### What you will do:
Return the full listing unchanged, excluding any images it contains.

### Dataset section:
==========
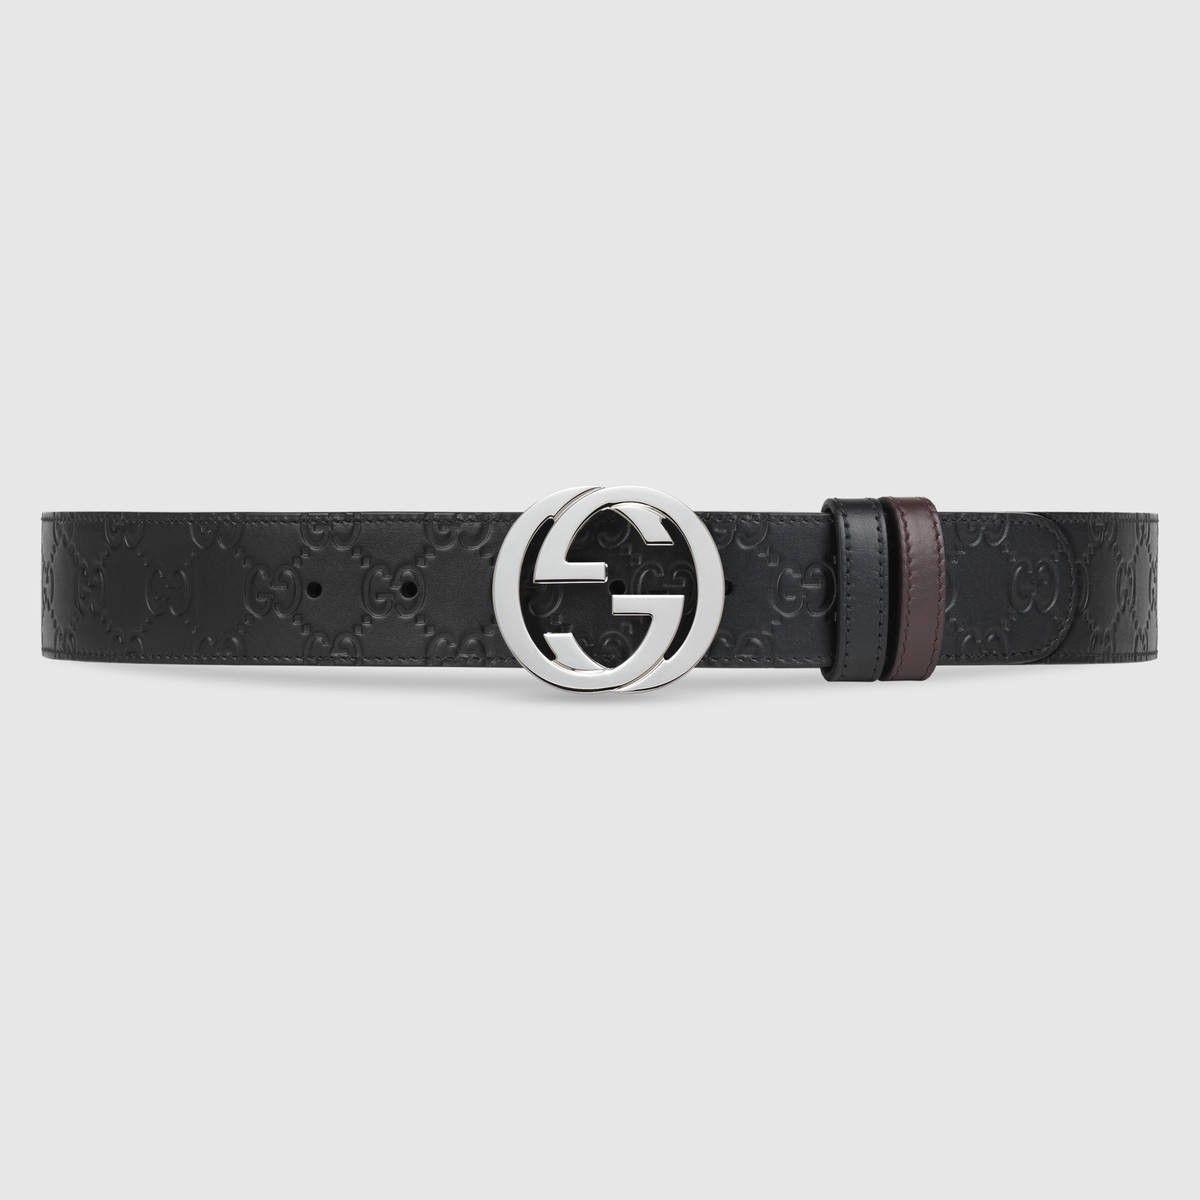 052b9b02617 GUCCI Reversible Gucci Signature belt - black Gucci Signature brown leather.   gucci
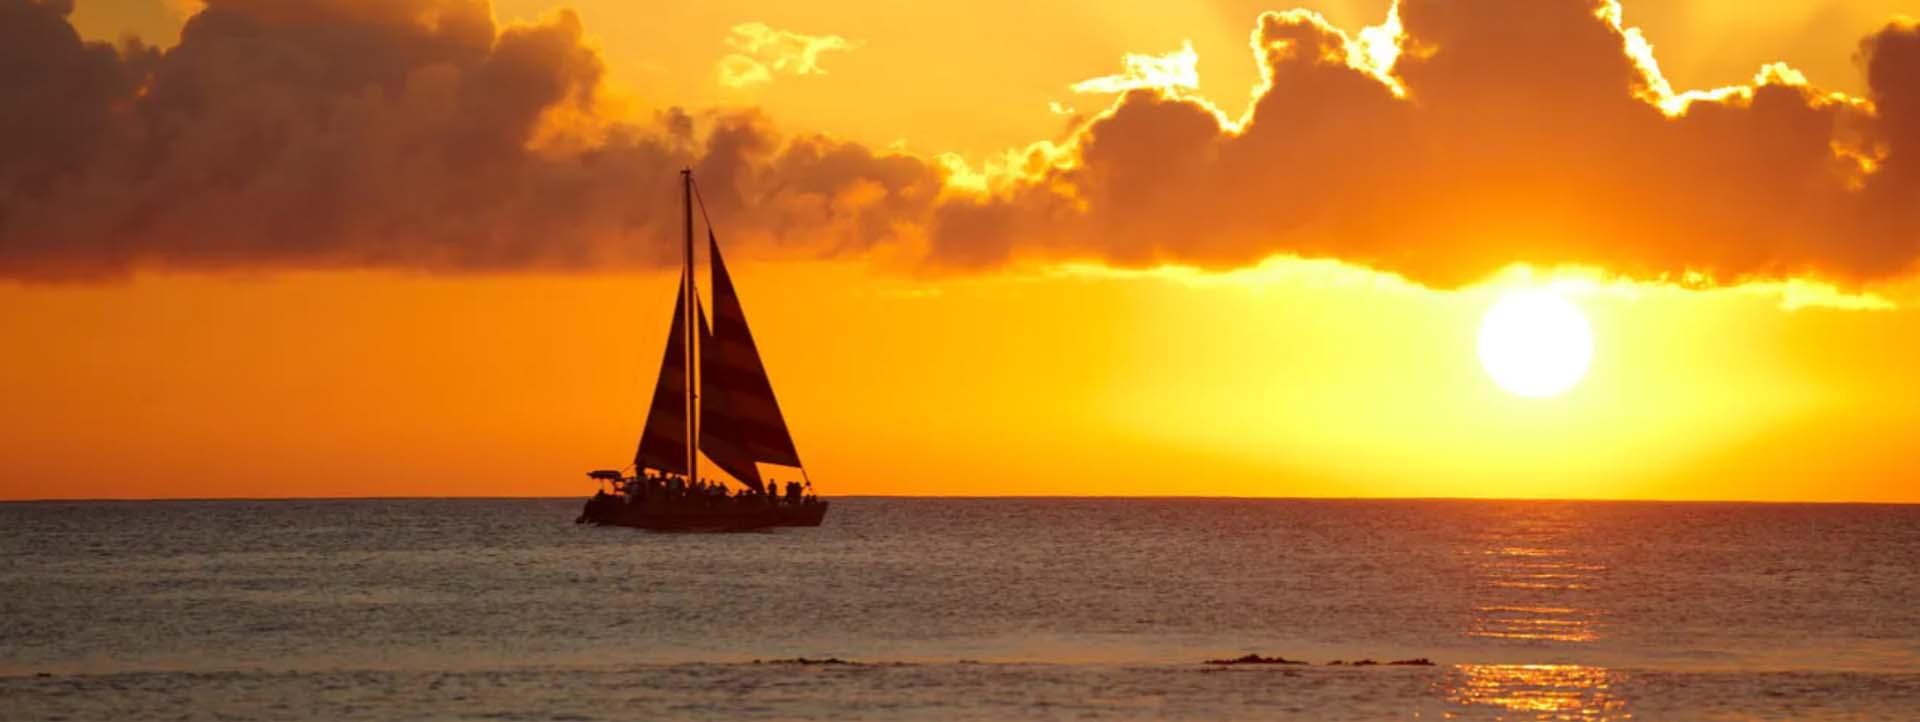 ORCAELLA Whale Watching Sunset Boat Tours
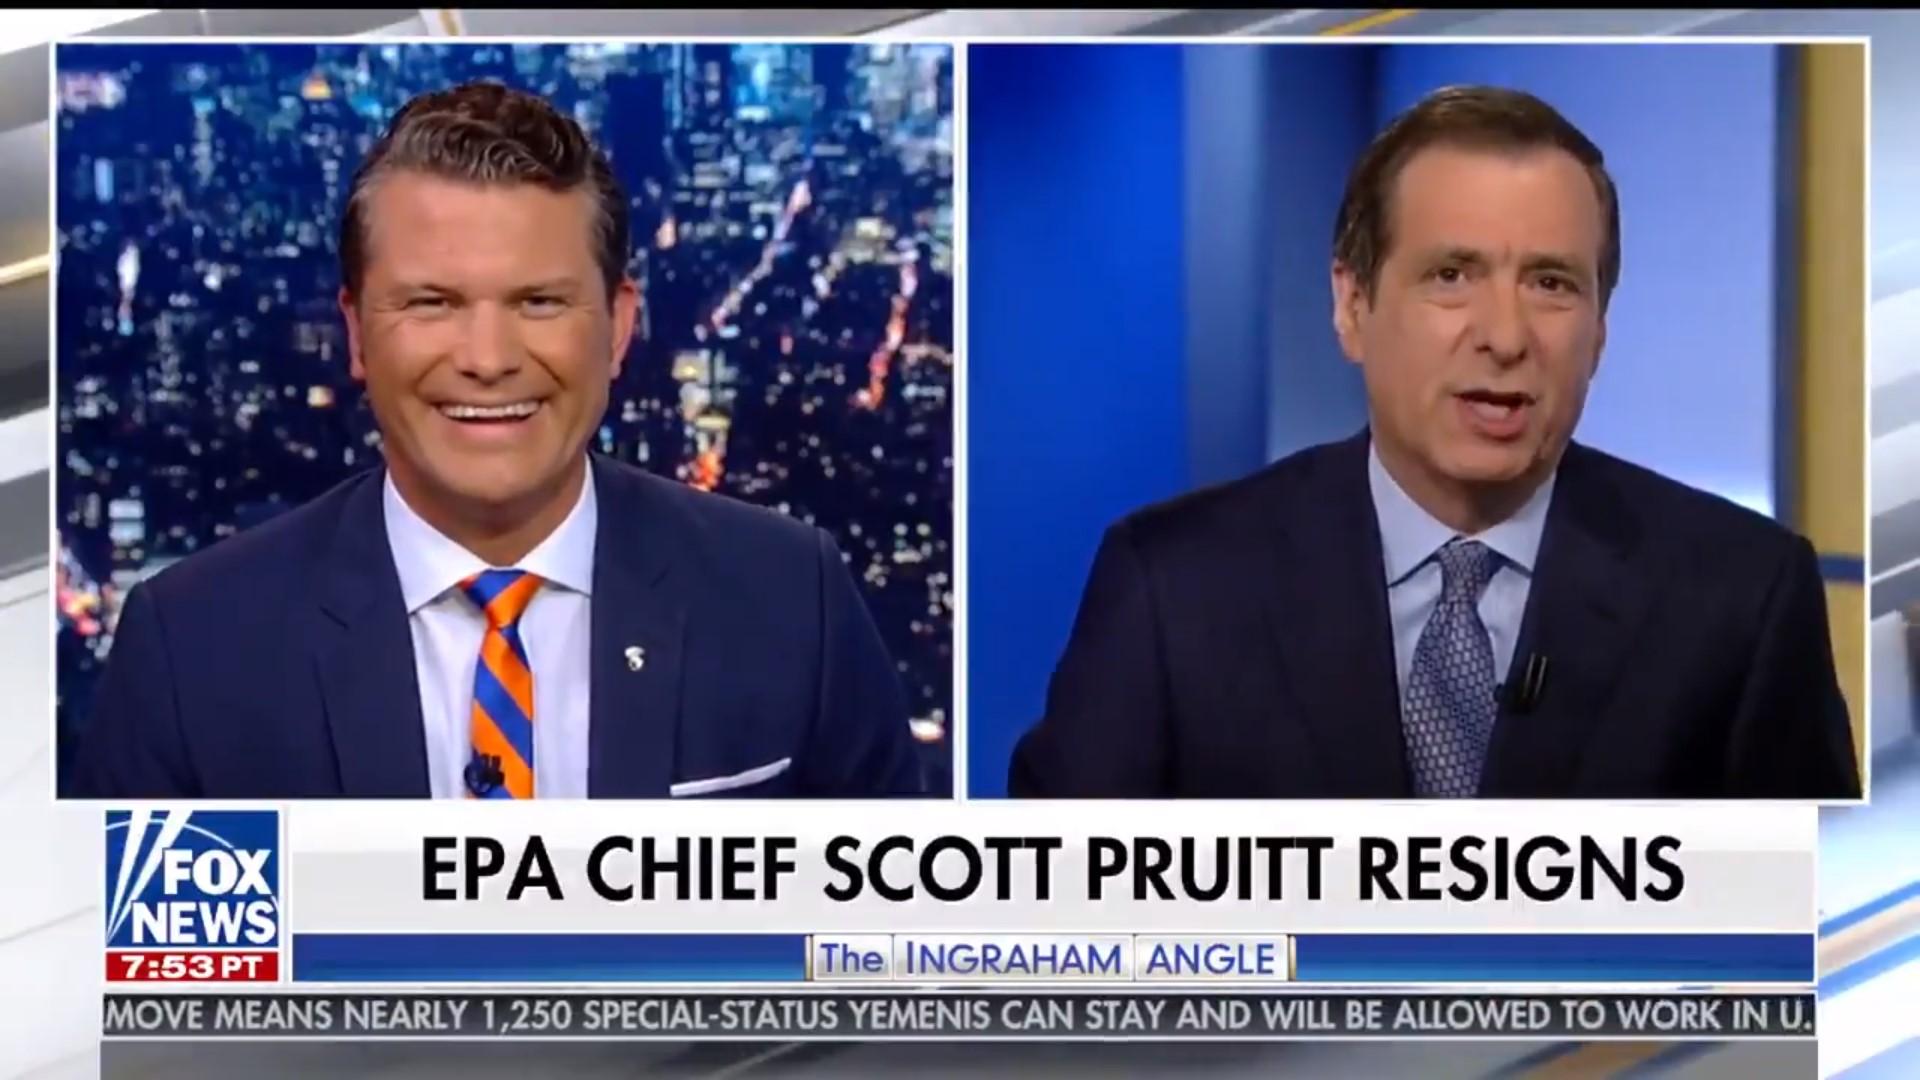 Fox News' Primetime Lineup Spent A Grand Total Of One Minute Covering Scott Pruitt's Resignation
==========
### Exercise answer:
 052b9b02617 GUCCI Reversible Gucci Signature belt - black Gucci Signature brown leather.   gucci
 ORCAELLA Whale Watching Sunset Boat Tours
 Fox News' Primetime Lineup Spent A Grand Total Of One Minute Covering Scott Pruitt's Resignation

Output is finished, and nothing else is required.